I have been having some issues with keepalives for sometime. The odd time we get keepalive storms. We got some keepalives today but I cant seem to pinpoint the issue. It looks like one of our sensu servers closed the connection but im not sure why. According to the load balancer logs, it was closed by the client.

2 node sensu cluster (v1.4.3)
3 node rabbitmq cluster (v3.7.7) behind AVI load balancer with SSL terminated on front end
3 node redis cluster (redis-sentinel) v3.2.12
OS of all nodes RHEL 7.5

Any ideas on what might be causing this issue?

Thanks,
Fearghal


#2

Hey Fearghal,

We observed something similar here, with a slightly different setup. We sometimes have massive hiccups in our RabbitMQ cluster (basically, we are losing the accesses to most of the cluster, sometimes with split-brains, data and credentials included :+1: Thanksfully it’s a test environment :slight_smile: ), in which case, although the cluster knows how to recover, the Sensu servers and clients are weirdly connected: the servers still receive the keep-alives from the clients (at least they show up correctly through the API), the servers are publishing checks, but they never arrive to the clients. So, for us, it looks like the communication clients -> servers is fine but servers -> clients just don’t work. We usually end up restarting all the clients and it works again.

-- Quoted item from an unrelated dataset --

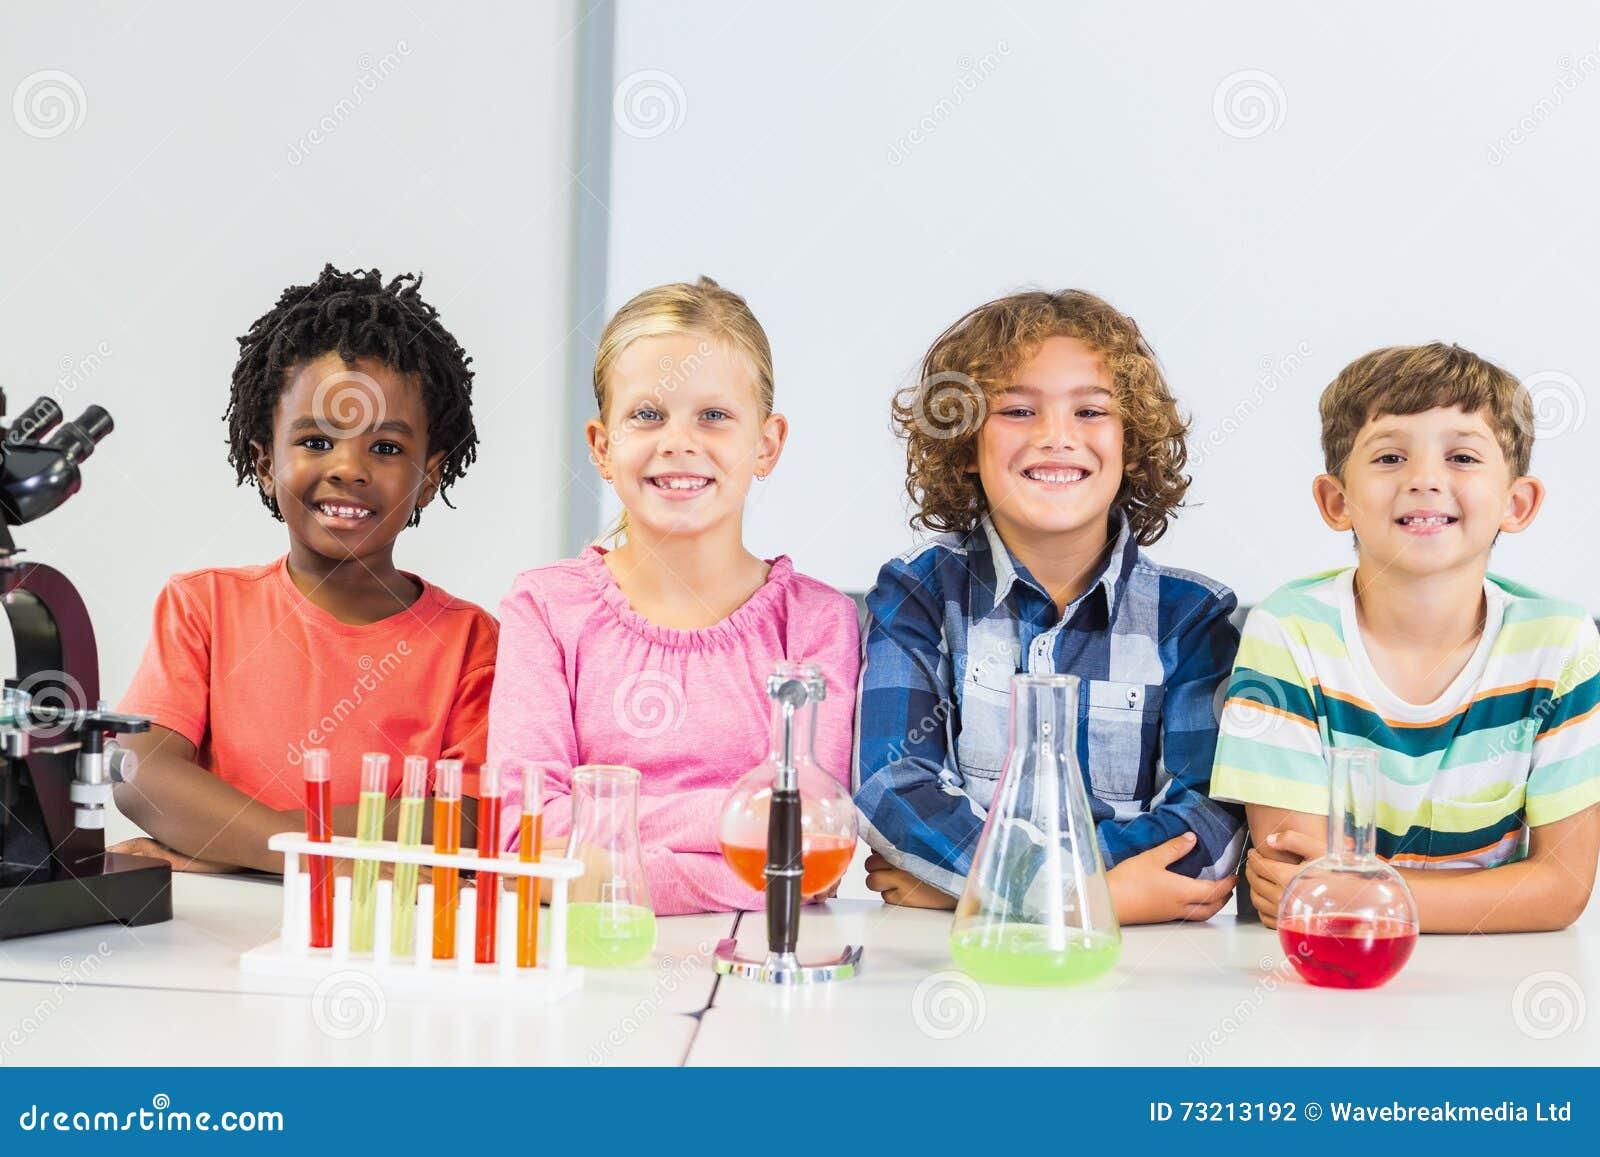 Retrato das crianças que fazem uma experiência química no laboratório

Our setup looks like this: we have 3 RabbitMQ nodes in a cluster,on which the servers and the nodes are connecting directly (no load-balancer nor SSL in the middle). We are running Sensu Core 1.4.2 with 2 servers and the nodes are mostly the same version. Only 1 Redis here.

So, ultimately, it only happens when things go really bad here.
However, although I haven’t tried it yet, it looks like Sensu 1.6 RabbitMQ improvements would help in this case?

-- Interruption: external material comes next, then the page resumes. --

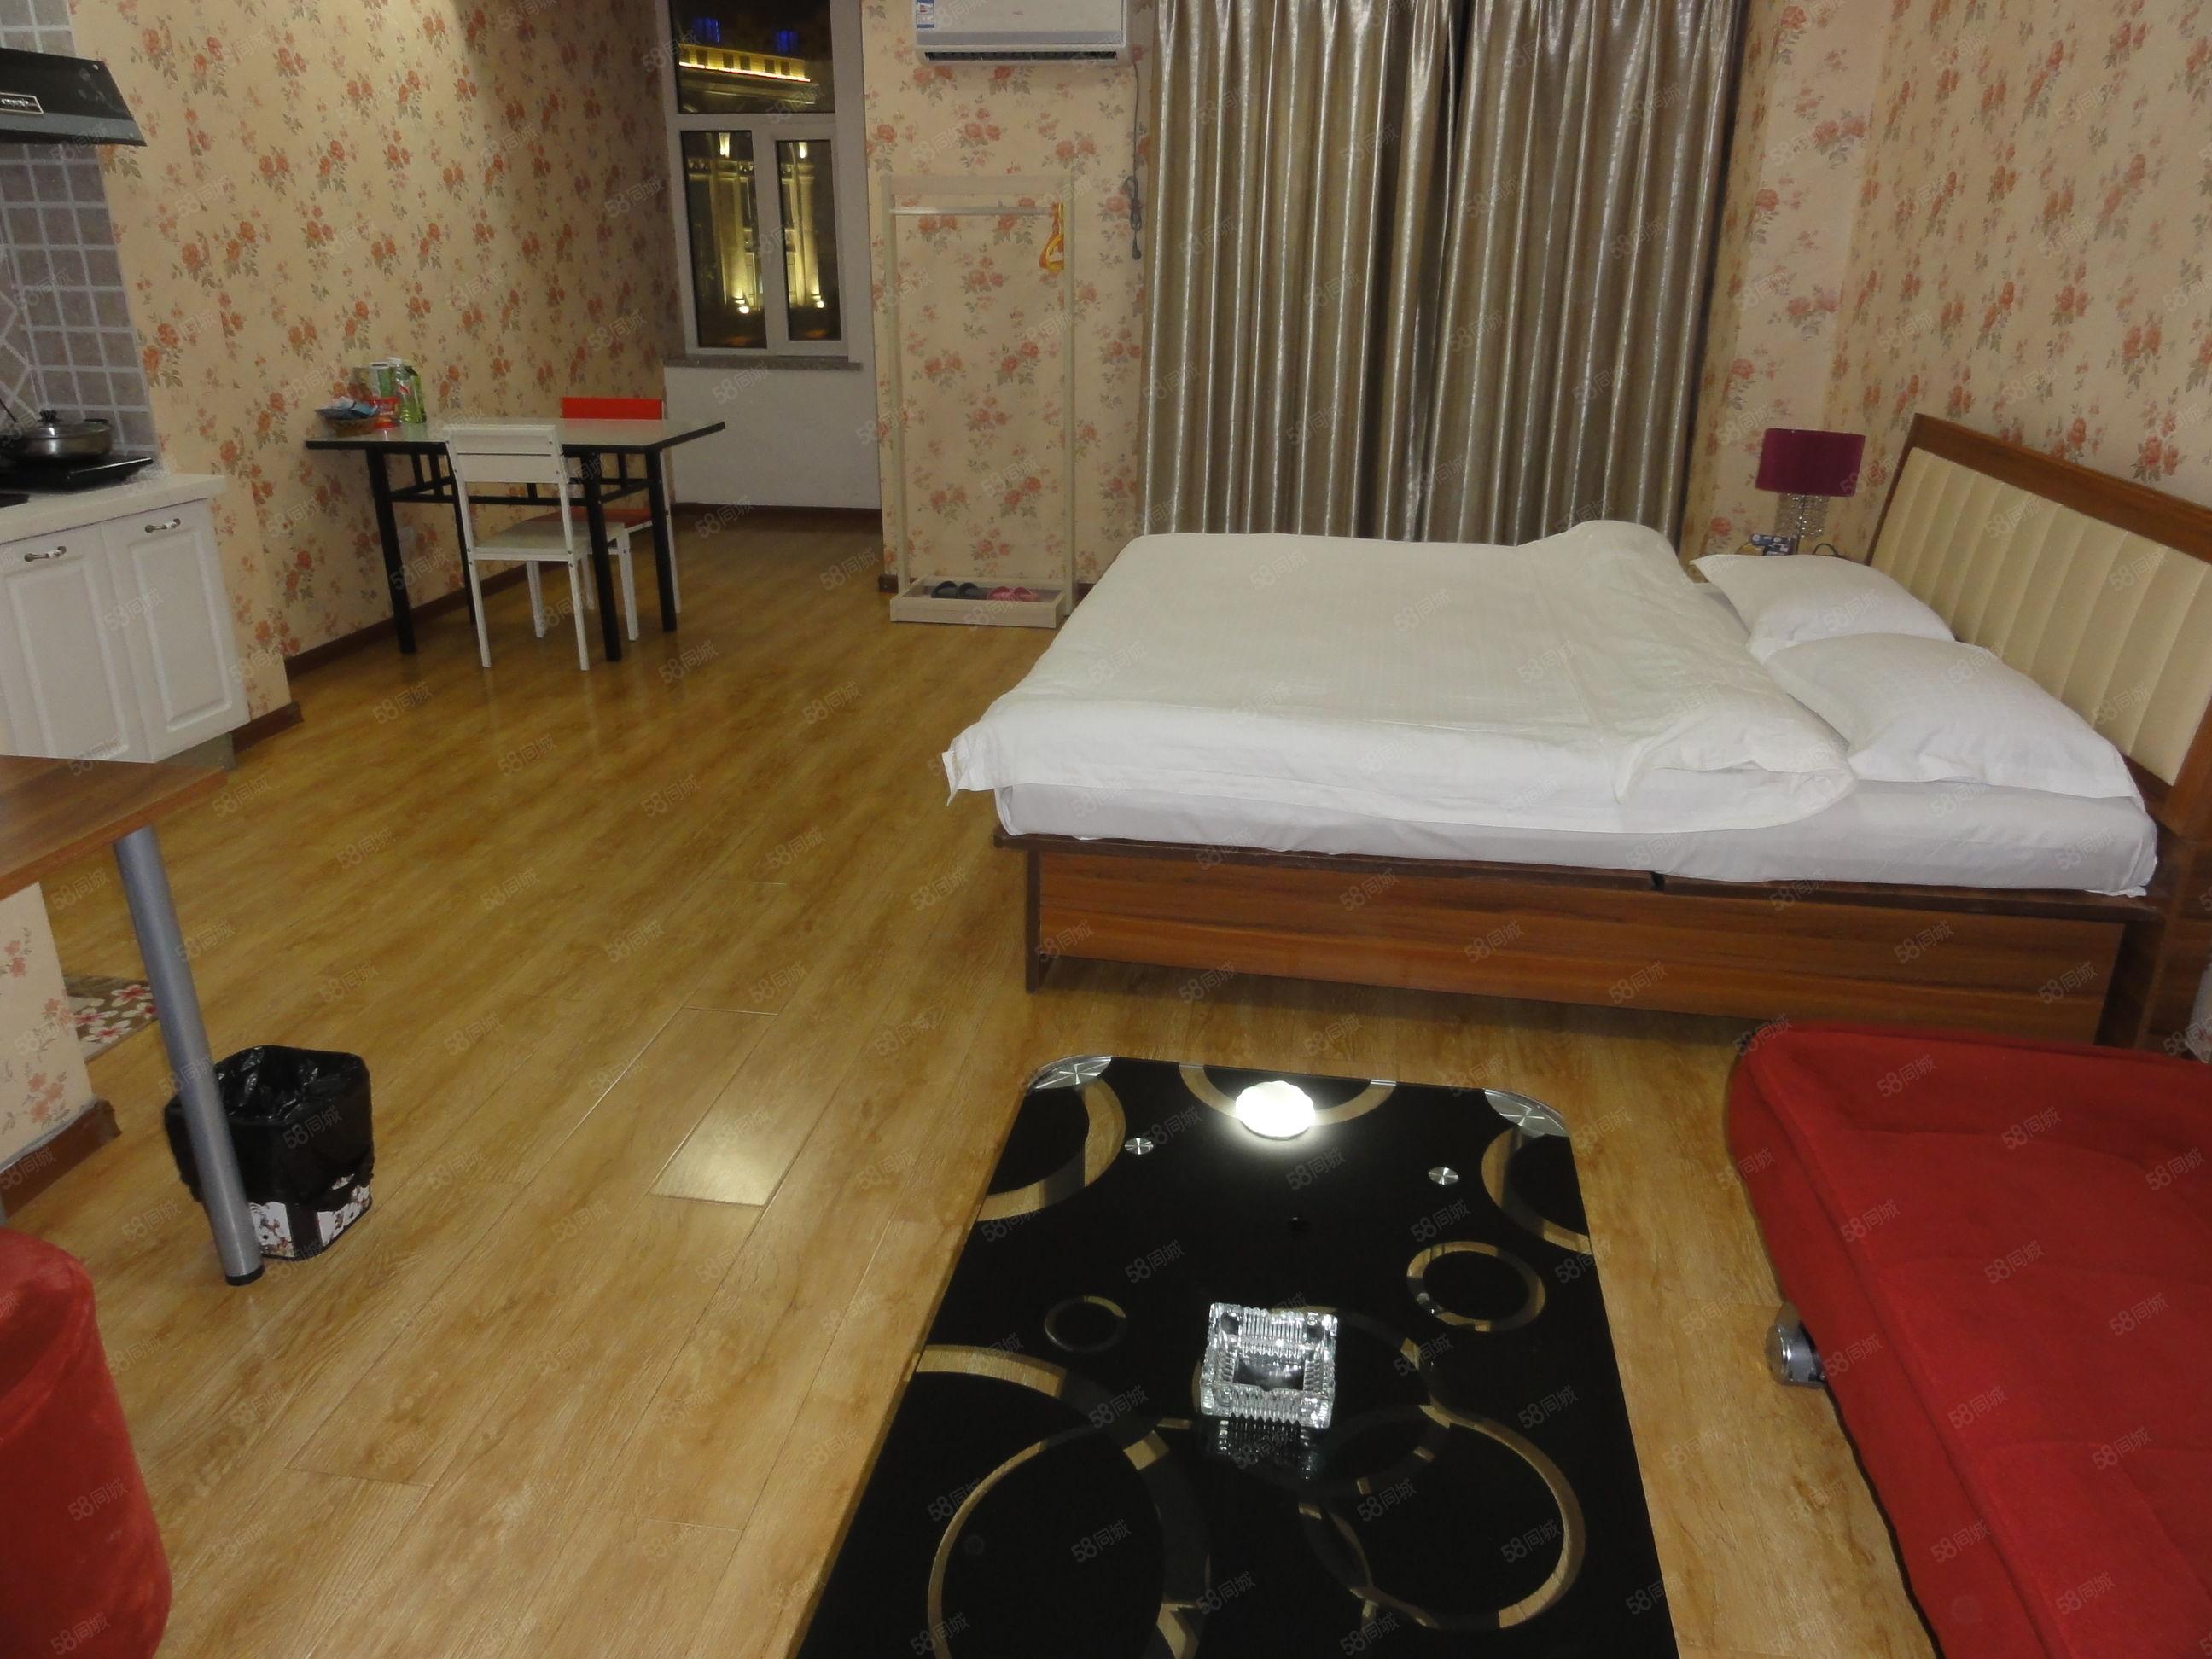 白领公寓,日租房,安全舒适干净

IMPROVEMENT : Sensu Core 1.6 implements changes in RabbitMQ communication by using two discrete connections to the transport instead of two channels on a single connection, thereby doubling the number of concurrent connections RabbitMQ receives. This change prevents check result processing rates from being impacted by check execution request publishing rates and reduces the possibility of false keepalive alerts under certain conditions.


#3

Have you tried using Sensu’s built-in support for RabbitMQ clusters? We typically recommend avoiding load-balancing middleware. See here for more information: https://docs.sensu.io/sensu-core/latest/reference/rabbitmq/#configure-sensu-to-use-the-rabbitmq-cluster


#4

Sorry for the delayed response @Jonathan_Ballet. Its good to know that we are not the only folks experiencing this. Unfortunately ours is production :frowning: so would definitely like to get this resolved.

I did see the fixes in 1.6 and was waiting for a little bit before proceeding with an upgrade but I will definitely push this out to our staging and non prod environments.

We would have to keep an eye on it for a little bit as the keepalive storms aren’t exactly consistent :frowning:

Will update this thread down the line if the issue remains or is resolved.

Thanks again for your feedback :metal:


#5

Hi @calebhailey,

We actually used the built in support for the rabbitmq cluster on initial install but decided with a load balancer as if we had to rebuild a member of the rabbitmq cluster for whatever reason, we wouldn’t have to update the client configs across all our hosts but if the recommendation is not to use a load balancer then I would be happy changing this too.

We also seen the keepalive issues though when using the built-in method for a rabbitmq cluster, though hopefully the update to 1.6.x will resolve this :slight_smile:

Will try it out and update you.

Thanks for the recommendations.